Written by Taylor Phinney
2009 will be remembered as one giant roller coaster ride and a whole series of rebounds. Some incredible high points and some really devastating lows. I’ve had some really tough luck, crashes, a lot of illness and most recently – some really bad news from the UCI Track Commission who are threatening to destroy endurance track cycling. Here’s the story.
I won the Pursuit World Championships on the track in March and set a couple of American records in the Kilo event and the Pursuit. I won some races in Europe as an Under-23, and claimed my season goal, the Under-23 Paris-Roubaix. But as I’m finding out, all that goes up, must come down. The early season racing had taken its toll; I had already broken two helmets in two painful crashes, gotten sick with severe colds several times, and raced more race days than the last three years combined. All of that, in the span of only five months.

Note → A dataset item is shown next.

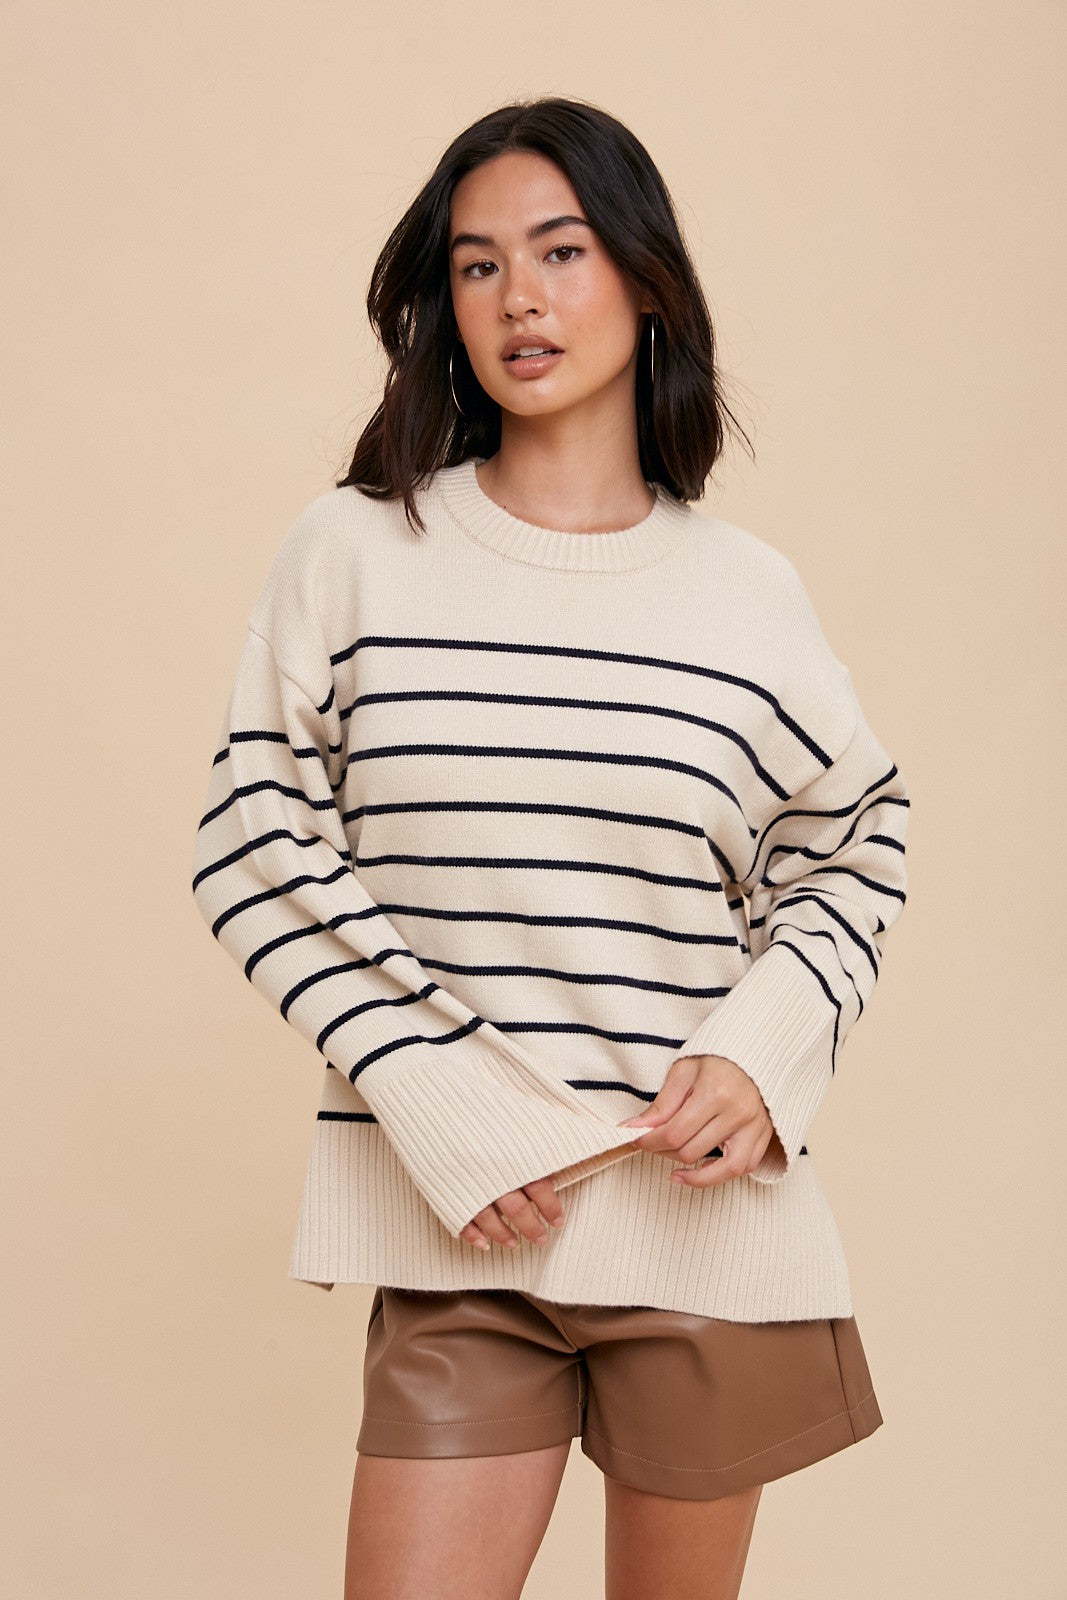 Stripe Knit Crew Sweater

When I returned to Boulder in the end of June just before my 19th birthday, I was coming off a peak, and heading into a couple weeks of rest. Timing your fitness is a very important part of cycling, but also incredibly difficult. So naturally, coming back from Europe on peak fitness, I didn’t want to – I couldn’t bear to – let go of it. Many cyclists will tell you, that this is not a situation you want to get yourself in, because that fitness, while it may stay for a couple more weeks – can’t last and soon, very soon – it will betray you by leaving you.